The economist’s comment comes after Finance Minister, Ken Ofori-Atta on Thursday revealed a wide range of plans to salvage the country’s economy.

The Minister, at a press conference in Accra, expressed optimism that the measures will go a long way to cushion the citizenry amid the economic downturn.

These measures encapsulate expenditure cuts, intense revenue mobilisation drive, fuel price mitigation and currency financing.

According to Dr.
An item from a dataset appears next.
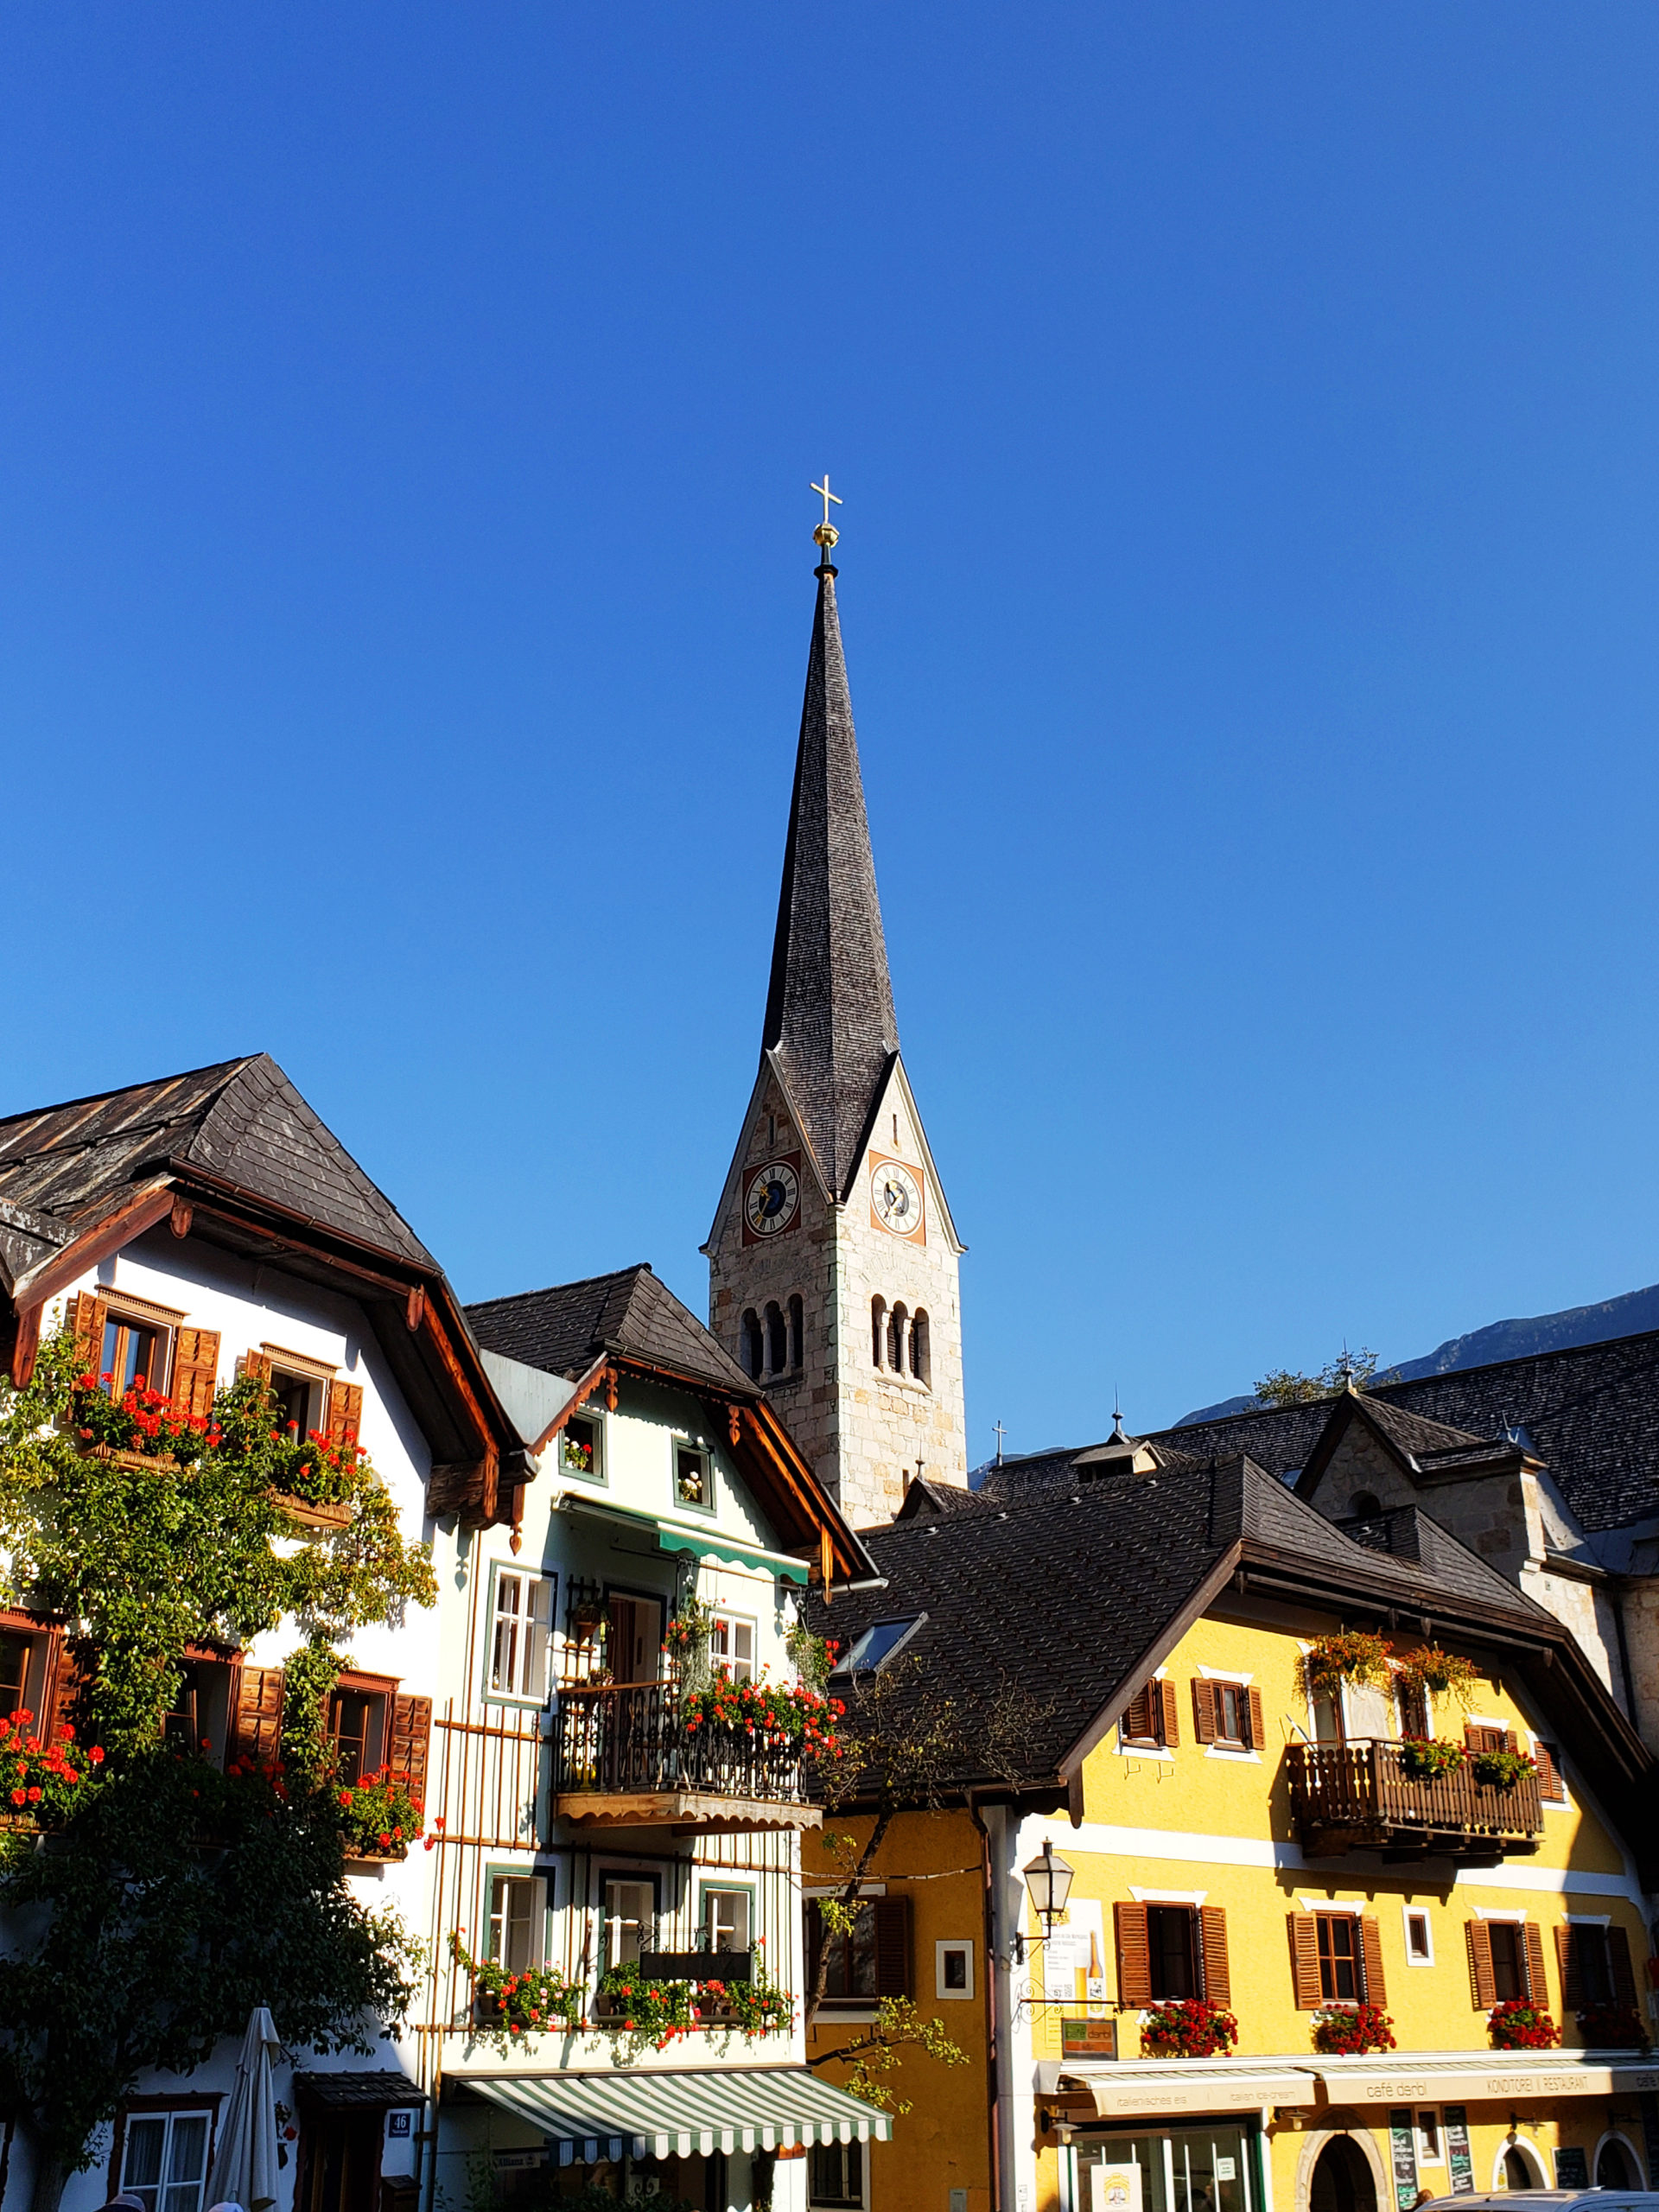 My Favourite Small European Towns & Villages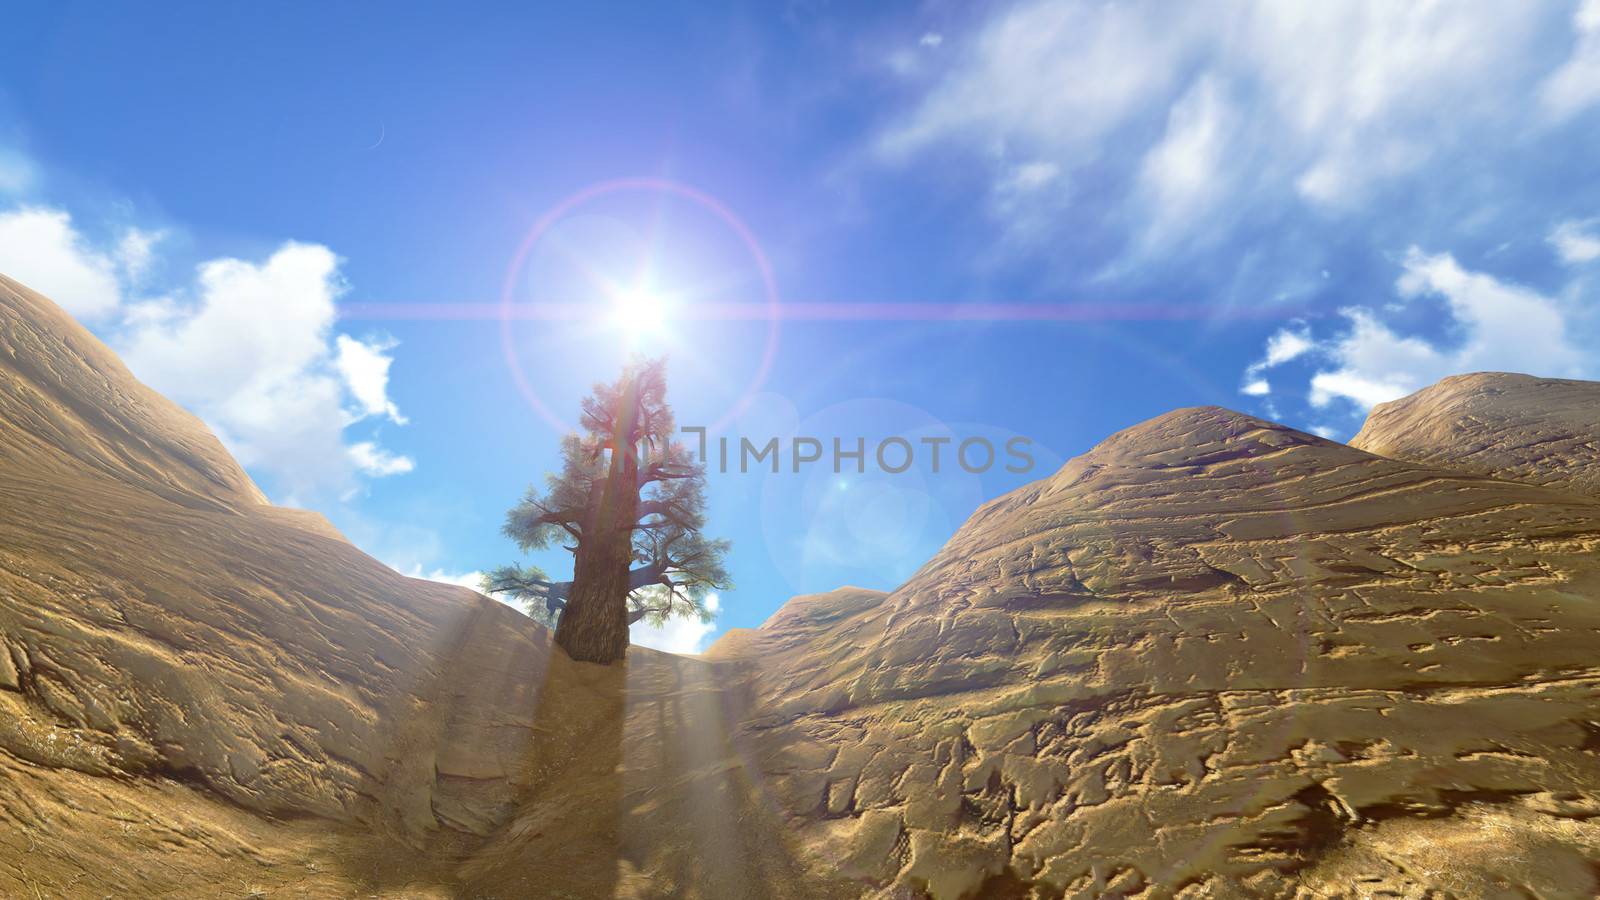 A tree at Grand canyon national park on the blue sky by apichart

Gyeke-Dako, while the measures are what a prudent leader would take to save the economy, government should be commended because those measures were not implemented over the years.

On the other hand, she urged the government to ensure that the measures would be effectively implemented.

“If we say that we are cutting the expenditure on travel, on other discretionary expenditure, we should make sure is that we are making it transparent and visible enough for Ghanaians to see that this is actually what we are doing,” she added.

Meanwhile, former Finance Minister, Seth Terkper, has stated that the new expenditure measures announced by the government to cushion the citizenry are not substantive and effective enough to lessen the current economic crisis.

He says due to the distressed nature of the country’s domestic markets, government may have to continue borrowing to service existing debts, a situation he believes would lead to an increase in deficit.

Mr Terkper highlighted that the new measures outlined by the Finance Minister Ken Ofori-Atta are not going to make any difference to the deficit, borrowing and the debt situation; yet, may see some concrete numbers.

“It is not a matter of one or two measures; it is positive in one sense even if it is not substantive because much of the expenditure is not going in that area. By the way, we have to borrow to refinance [and] we have to borrow to repay old loan. That is the situation that is facing us.

“Is our domestic market that big and if we are blocked from going to the external markets, then I’m afraid; the problems GUTA is raising are going to be worse because government is coming straight into the domestic markets to borrow and it will increase interest rates, and that is why BoG is increasing policy rate as a signal,” he said.